The present invention provides a compound of any one of formula I~ formula VI, wherein, P2 is given by _{X 1 -X 2 -X 3 -X 4} , and X ₁ is Leu, Ile, Nle, Diethyl glycine or dipropyl glycine,
X ₂ is Phe, α-Me-Phe, DPhe, 4-F-Phe, 2-Nal, or 1-Nal,
X ₃ is Glu, Leu, Nle, α-Me-Leu, DLeu, or absent, and X ₄ is Glu, DGlu, γGlu, Gla, or absent.

In some embodiments, the compound of any one of Formula I, Formula II, Formula III, Formula IV, Formula V or Formula VI is capable of activating formyl peptide receptor 1 and forming a covalent bond with a protein. it can. In some embodiments, the compound of any one of Formula I, Formula II, Formula III, Formula IV, Formula V, or Formula VI is conjugated to the antibody via a linker. In some detailed embodiments, the compounds are attached via a maleimide-PEG linker described herein. In some detailed embodiments, the PEG linker is attached to the diaminoalkyl of X. In some detailed embodiments, the PEG linker is absent and the compound of any one of Formula I, Formula II, Formula III, Formula IV, Formula V, or Formula VI is directly attached to the diaminoalkyl of X. ing. In some such embodiments, the compound derived from any one of Formula I, Formula II, Formula III, Formula IV, Formula V, or Formula VI is on the surface of innate immune cells such as neutrophils. Can activate the formyl peptide receptor.

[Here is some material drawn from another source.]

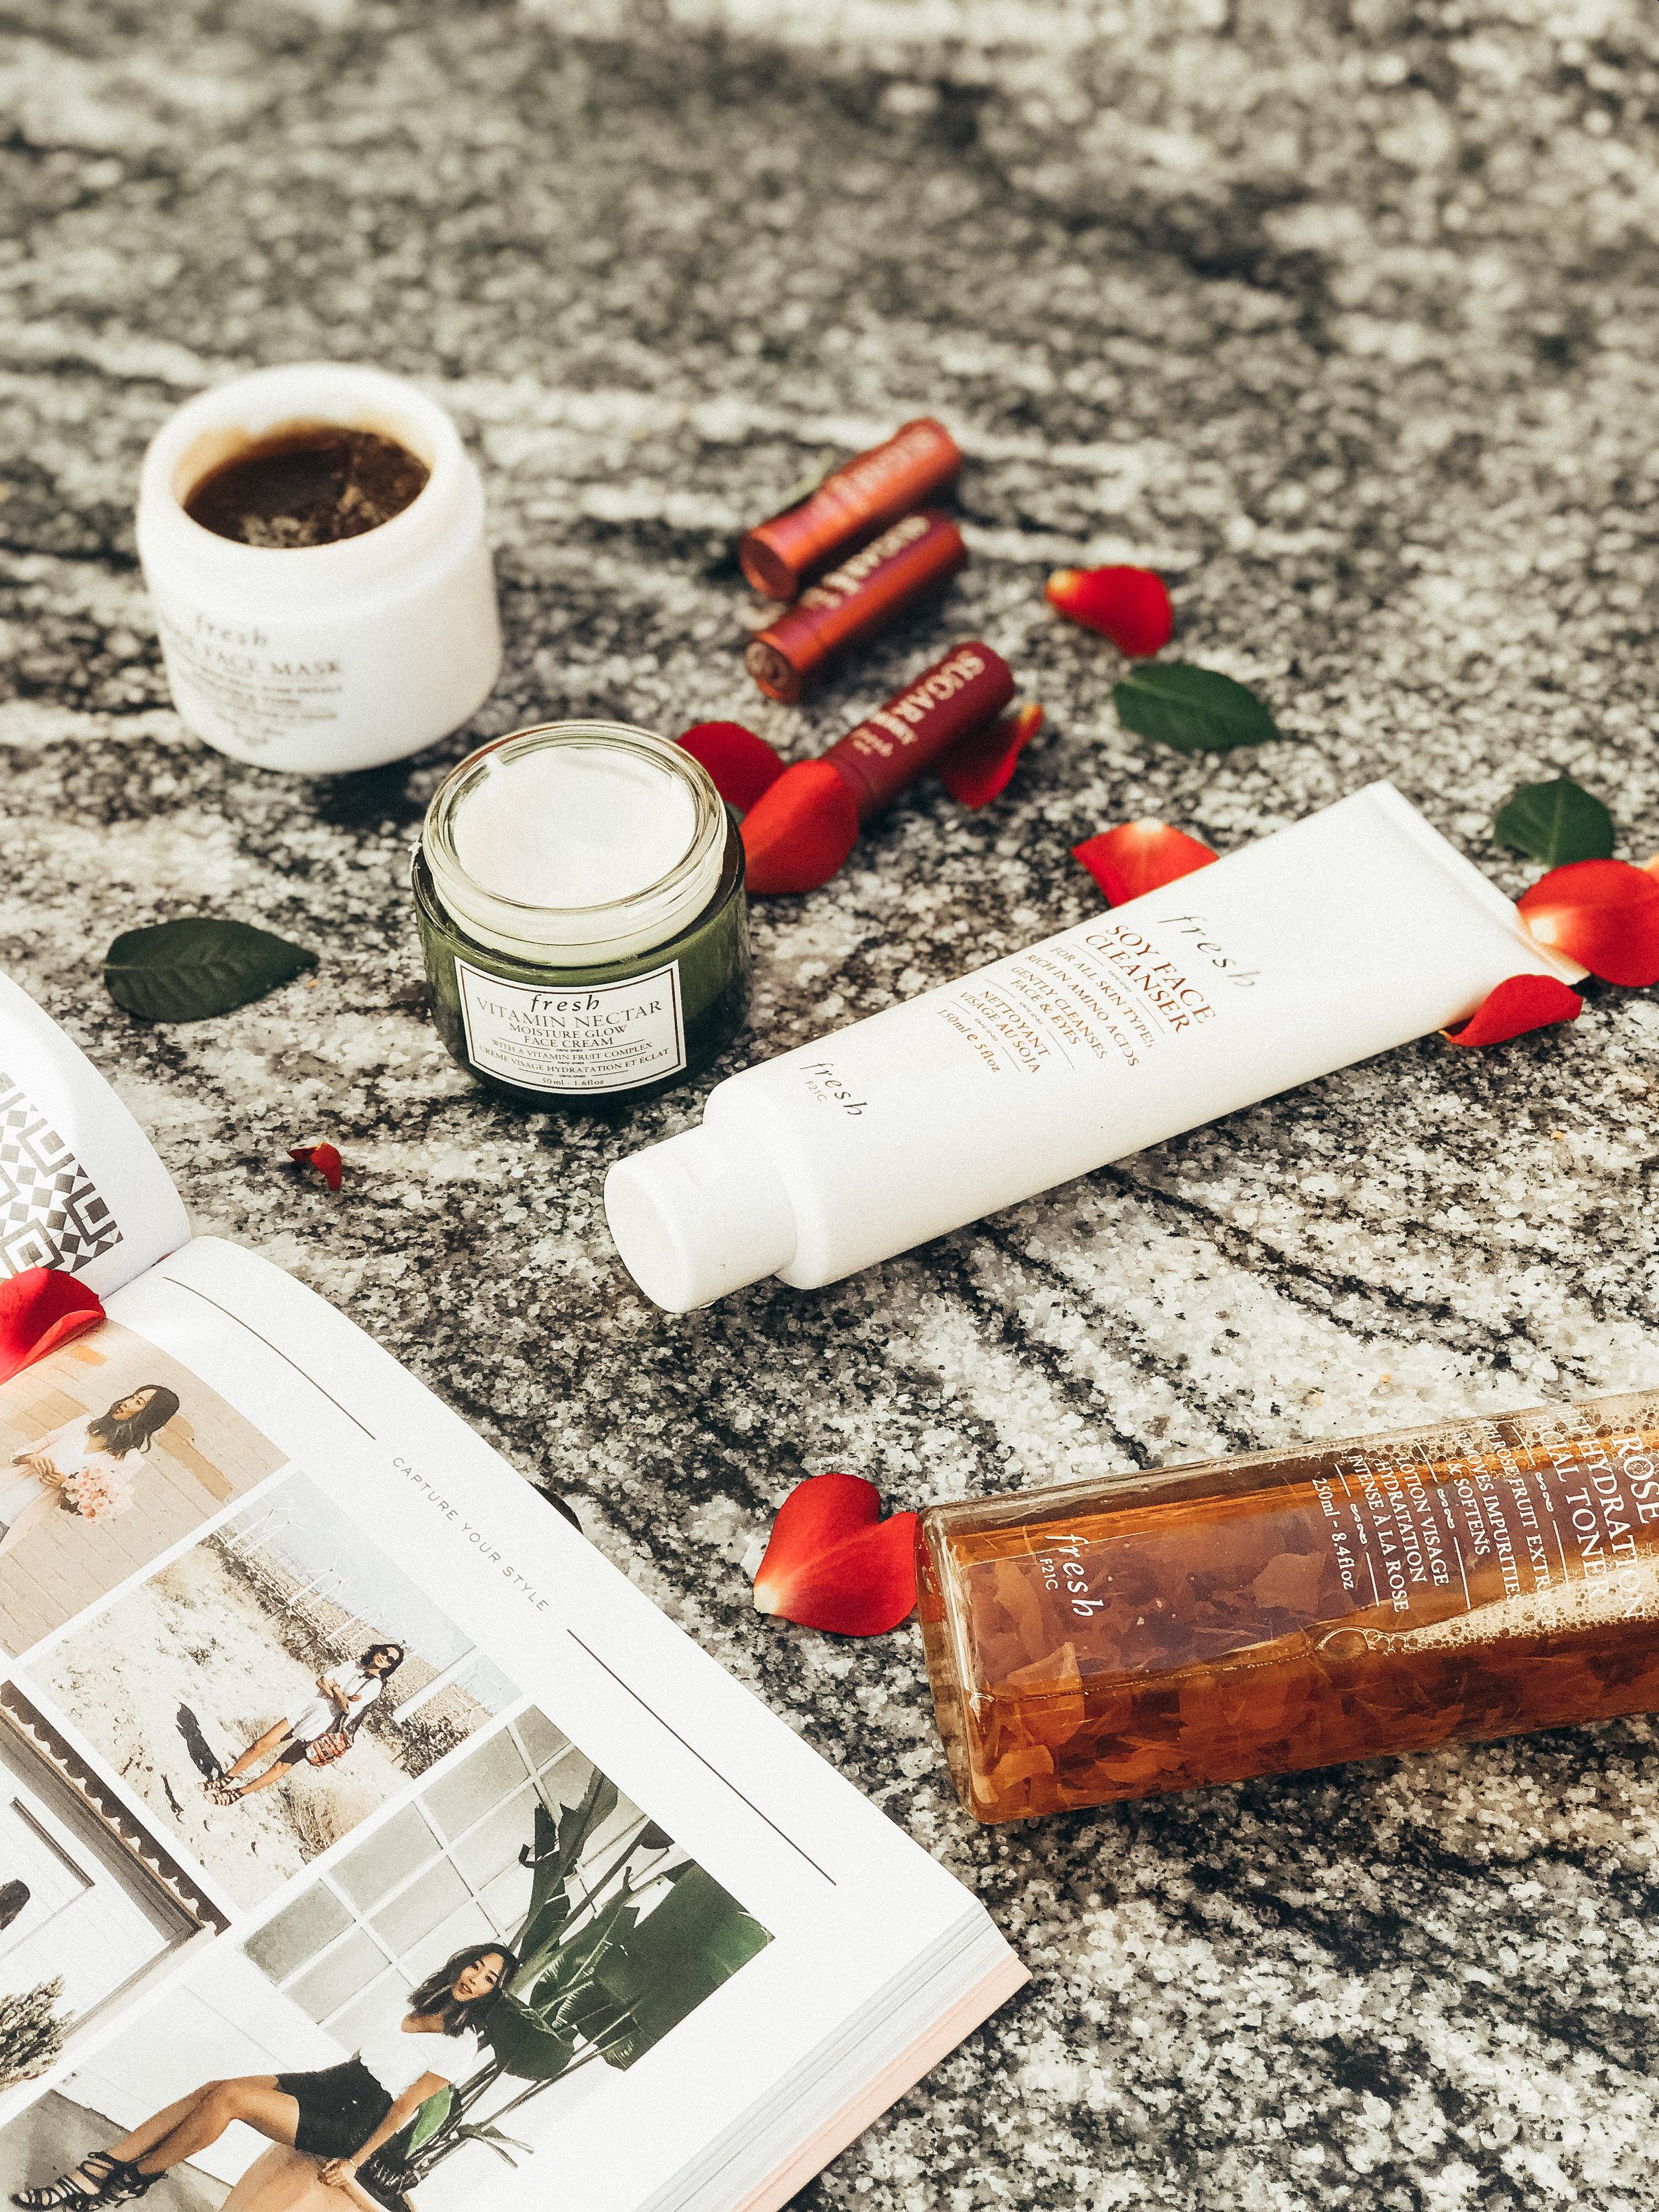 winter-skincare-routine-blogger

Embodiments of the invention are also useful in non-tumor contexts to involve innate immune cells in the specific elimination of target cells of interest that have utility beyond cancer therapy. Activating cells of the innate immune system against killing of the targeted cells provided, for example in situations where the elimination of normal cells is desired in hypertrophic tissue, restricted access tissue, or virus-infected cells. Antibodies that specifically target cells of interest may also be useful in eliminating the target tissue or infected cells.

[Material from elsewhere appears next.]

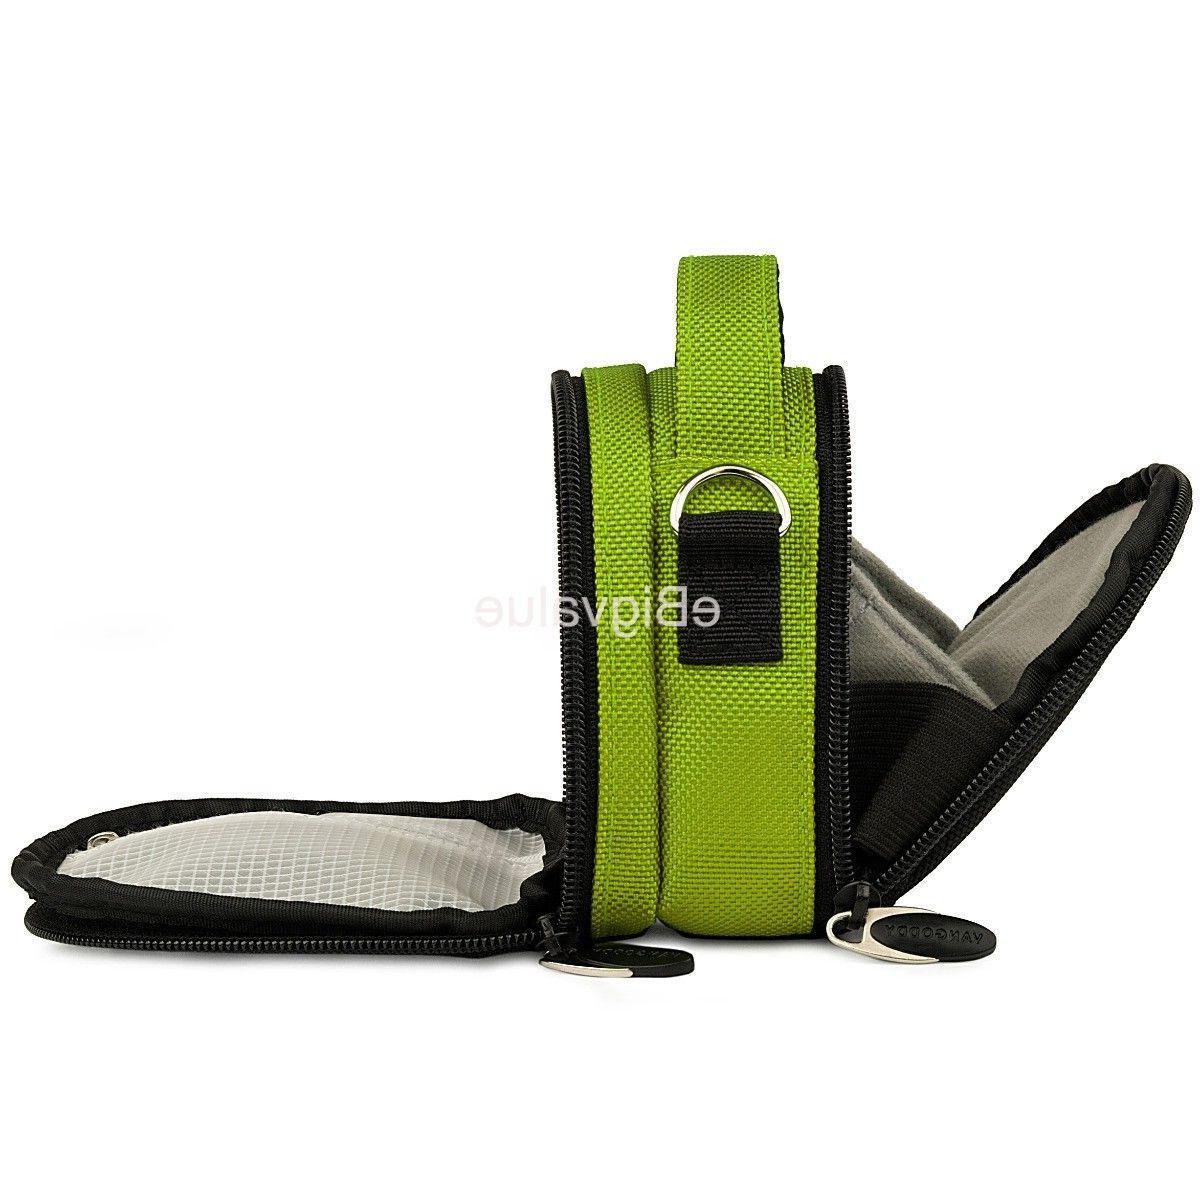 Green Small Camera for Sony HX99 RX100 /

The present invention contemplates a series of linkers for attaching FPR-1 agonists to engineered cysteine residues (Yao et al., Int J Mol Sci. 2016 Feb 2;17(2).pii:E194. doi: 10.3390/ijms17020194). Examples provided include maleimide-based linkers for forming a thioether bond to cysteine. The use of another linker such as a haloacetyl linker can also be used to attach the antibody.

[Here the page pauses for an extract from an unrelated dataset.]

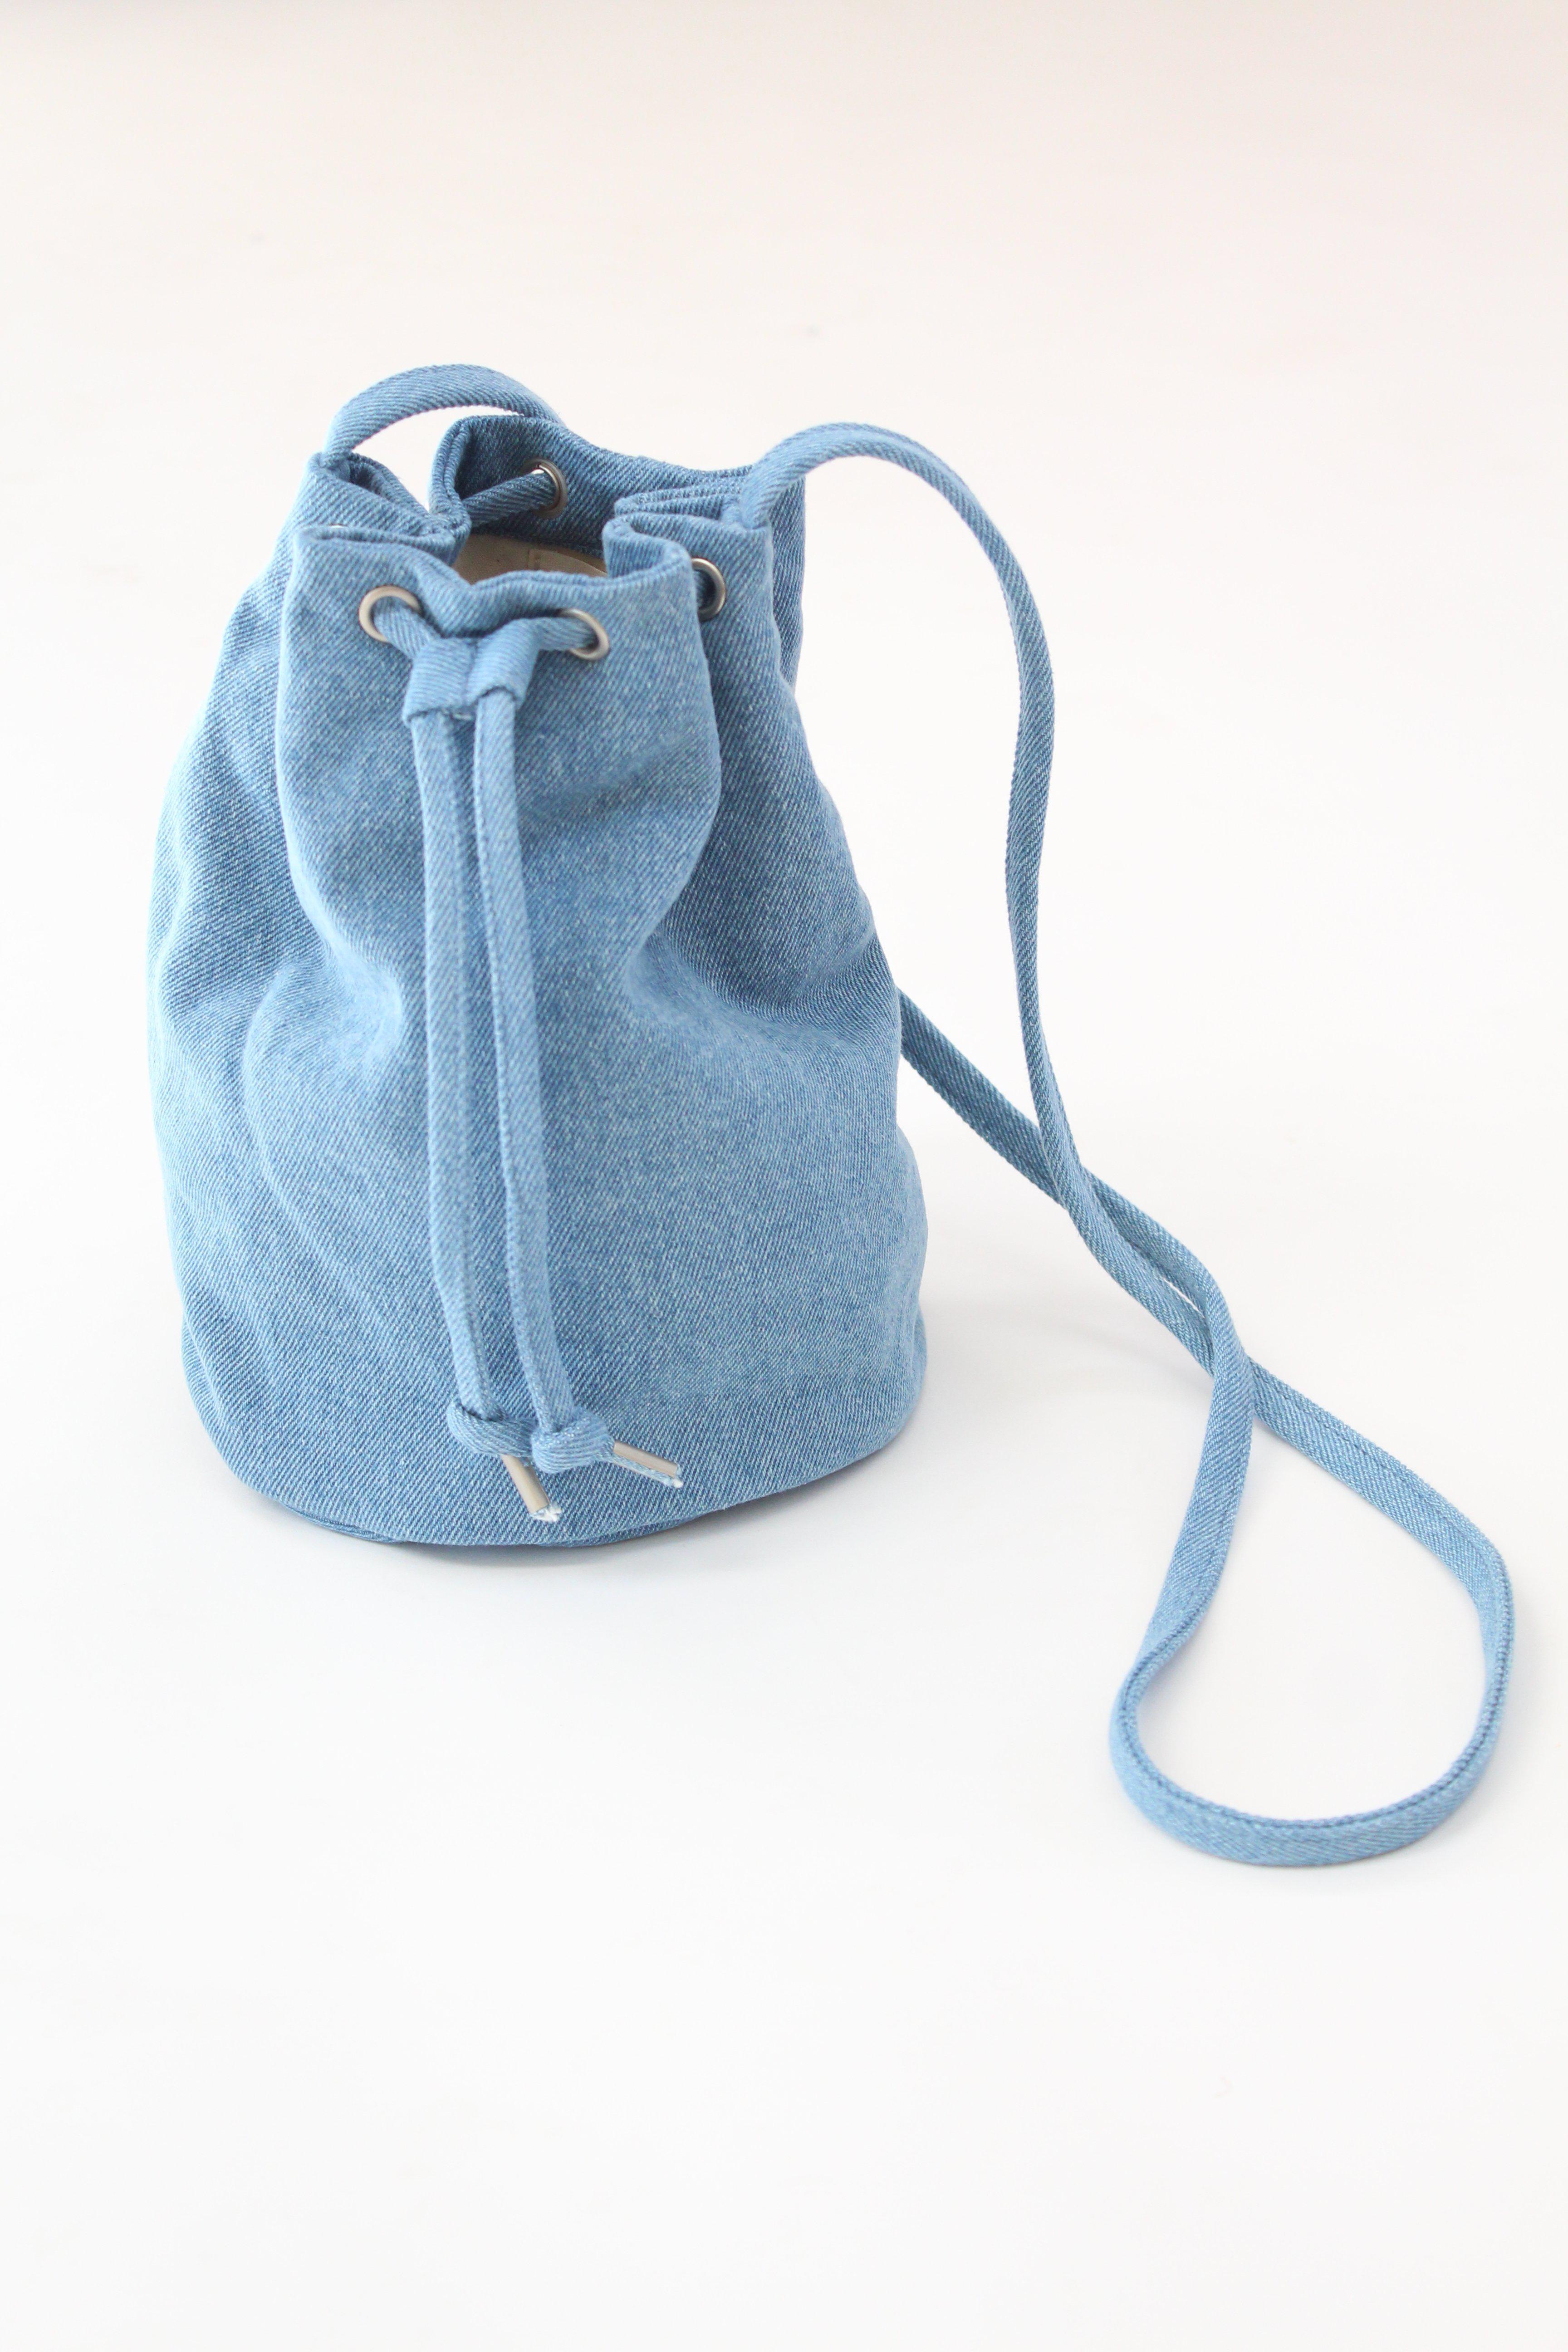 9f2fb5b5f BAGGU Canvas Drawstring Purse Washed Denim in Blue - Lyst

Accordingly, the invention provides an antibody comprising IgG heavy and light chain constant regions, wherein the constant region comprises at least one cysteine. In an embodiment, the constant region comprises unpaired free cysteine on the surface. In another embodiment, the constant region comprises engineered cysteine. In some detailed embodiments, the constant region following residues, i.e., residues 162 at residue 157, _{C H} 1 domain at residue 124, _{C H} 1 domain in _{C H} 1 _{domain, C} H 2 residues 262, _{C H} 3 residues in domain 375, _{C H} 3 residues 373 in domain _{C H} 3 residues 397 in domain _{C H} 3 residues 415 in domain C _kappa residues in domain 156 in the domain, at least one operation to one of the C residues in _kappa domain 171, C residues in _kappa domain 191, C residues in _kappa domain 193, C residues in _kappa domain 202 or residue 208 in the C _kappa domain, Containing cysteine.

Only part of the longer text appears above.